Best for: work too complex for a single agent session, multi-system changes, anything needing enforced process and quality gates. Don't reach for a festival when an intent or design doc is enough.


Running Festivals in Parallel

Each festival is self-contained. One agent session runs one festival via fest next. Run N festivals by running N agent sessions. No coordination needed between them -- each festival has its own goal, phases, tasks, and rules.

fest list              # See all festivals in current campaign
fgo <name>             # Jump to a specific festival
fest status            # Check progress on current festival

Three active festivals means three agent sessions running independently. Five means five. Scale is limited by token budget, not methodology.


Across Campaigns

Campaigns are independent workspaces -- different projects, different domains, different teams. Each campaign has its own festivals, intents, projects, and design docs.

camp list              # See all registered campaigns
camp switch <name>     # Switch active campaign

One campaign might have three active festivals while another has one. The portfolio spans campaigns. camp list shows the full picture.


Keeping the Pipeline Full

Each workflow feeds the pipeline differently. Use all three to prevent the bottleneck:

Capture intents constantly. Run camp intent add whenever an idea hits. Mid-festival, between sessions, during code review. Intents are cheap -- creating one takes seconds. Losing an idea because you were busy executing costs more.

Use design docs when something needs thinking. If you need to explore architecture, compare approaches, or work through an API design, put it in workflow/design/. Often the design doc is enough for an agent to execute from directly. If the work turns out to be too complex, the design doc becomes high-quality input for a festival.

Use festival planning phases to produce execution plans fast. The INGEST and PLAN phase workflows guide agents through structured thinking -- reading inputs, extracting requirements, gap analysis, decomposition. This produces detailed plans faster than freeform planning because the agent follows a defined process instead of improvising.

Gather and promote when complexity warrants it. When intents accumulate into something too complex for a single agent session, use camp intent gather to combine them and camp intent promote to create a festival. Not every intent needs promotion -- many are directly actionable.

Keep ready/ stocked.
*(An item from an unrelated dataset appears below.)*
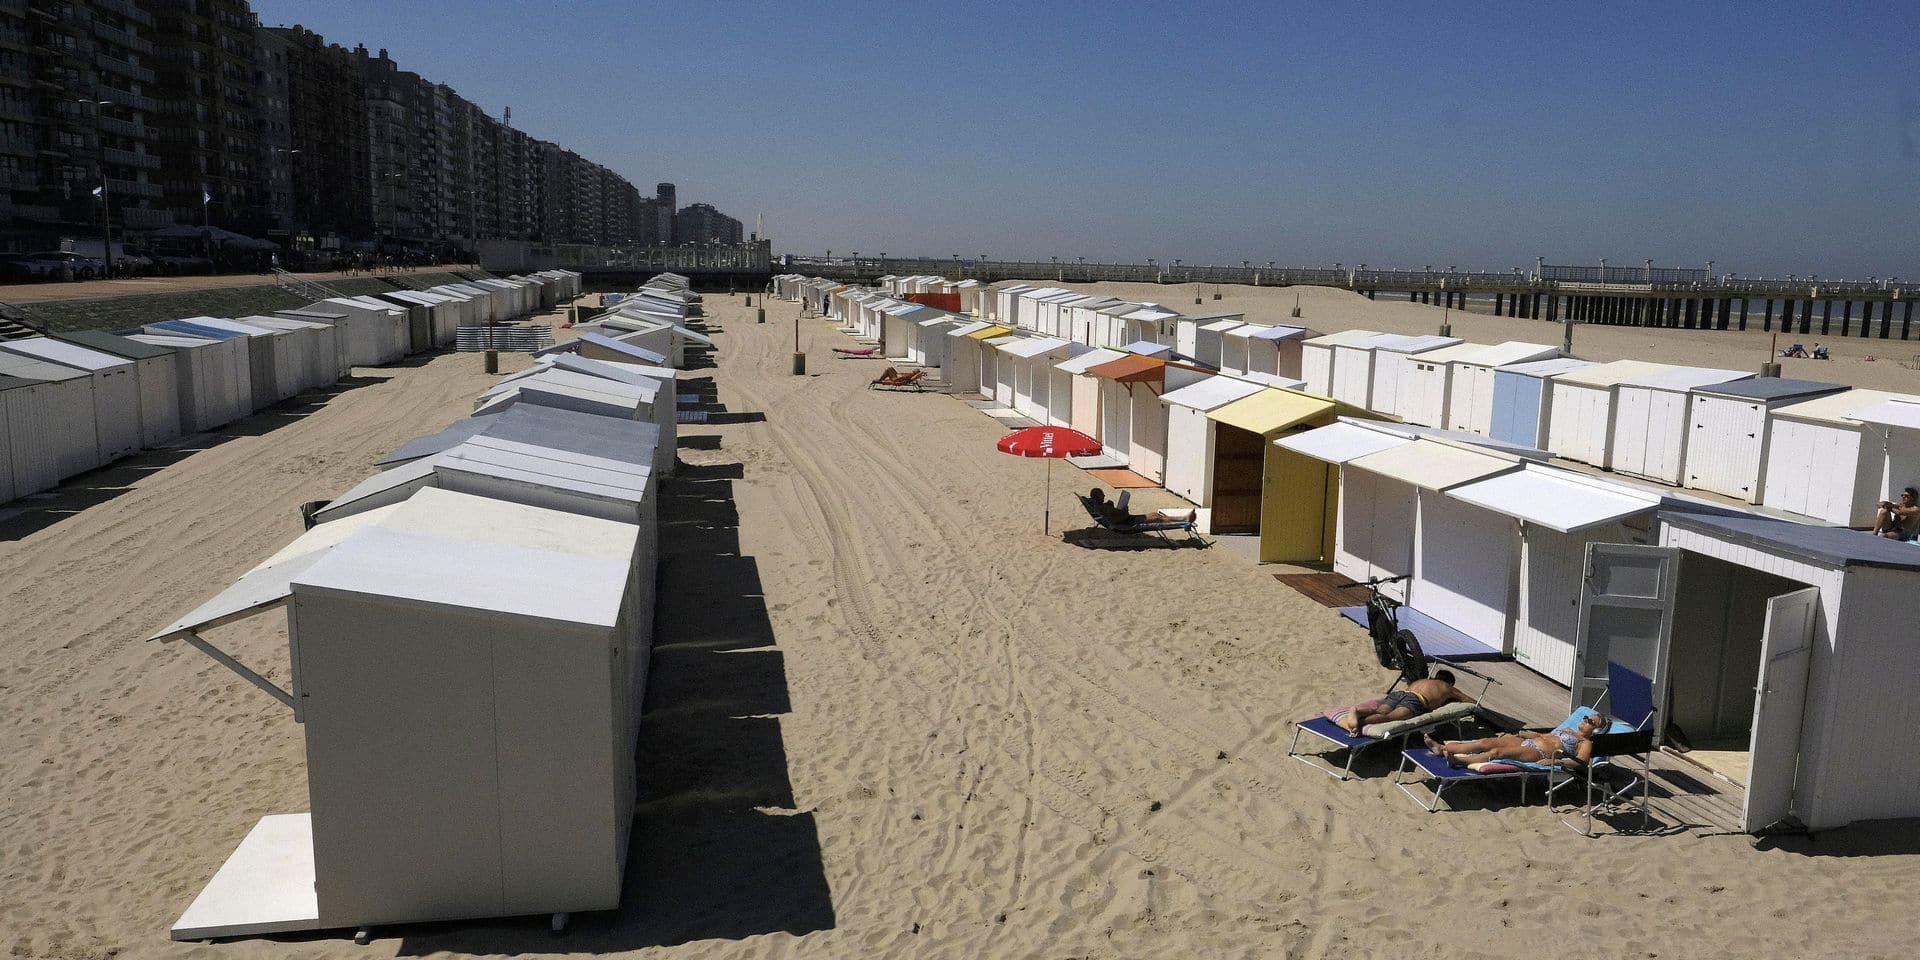 Les cabines de plage, le bon plan de l'été mais... gare au budget !

Fully planned festivals waiting in ready/ mean zero delay when agent capacity opens up. One fest promote and the next session can start immediately.

Check the queue regularly. fest list shows festivals by lifecycle status. camp intent list shows upstream ideas. If ready/ is empty and active/ is finishing, you're about to hit the bottleneck.


Within a Festival

When a single festival is large enough to benefit from internal parallelism, sequences provide it.

Parallel Sequences

Sequences within a phase that share the same number prefix can run simultaneously:

  • 01_backend/ and 01_frontend/ -- same prefix, no dependency, run in parallel
  • 02_integration/ -- depends on both, runs after

Within a single sequence, tasks with the same number are also parallel:

01_backend/
├── 01_user_model.md         # Parallel
├── 01_api_endpoints.md      # Parallel
├── 02_integration.md        # After all 01_ tasks
├── 03_testing.md            # Quality gate
├── 04_review.md             # Quality gate
└── 05_iterate.md            # Quality gate

Quality Gates

The testing-review-iterate gates at the end of each sequence are sync points. If a sequence fails its review gate, fix the issues before starting dependent sequences. Gates exist to catch problems early -- skipping them moves the cost downstream where fixes are harder.


Festival Rules for Teams

FESTIVAL_RULES.md matters more when multiple agents or humans work on the same festival. It codifies quality standards, coding conventions, and process requirements that all workers follow. Without it, different agents make inconsistent decisions about code style, error handling, test coverage, and what "done" means.

Write festival rules before execution starts. Every agent reads them before its first fest next. The rules template in .festival/templates/ can be customized to match your team's standards -- see Agent Workflows for details.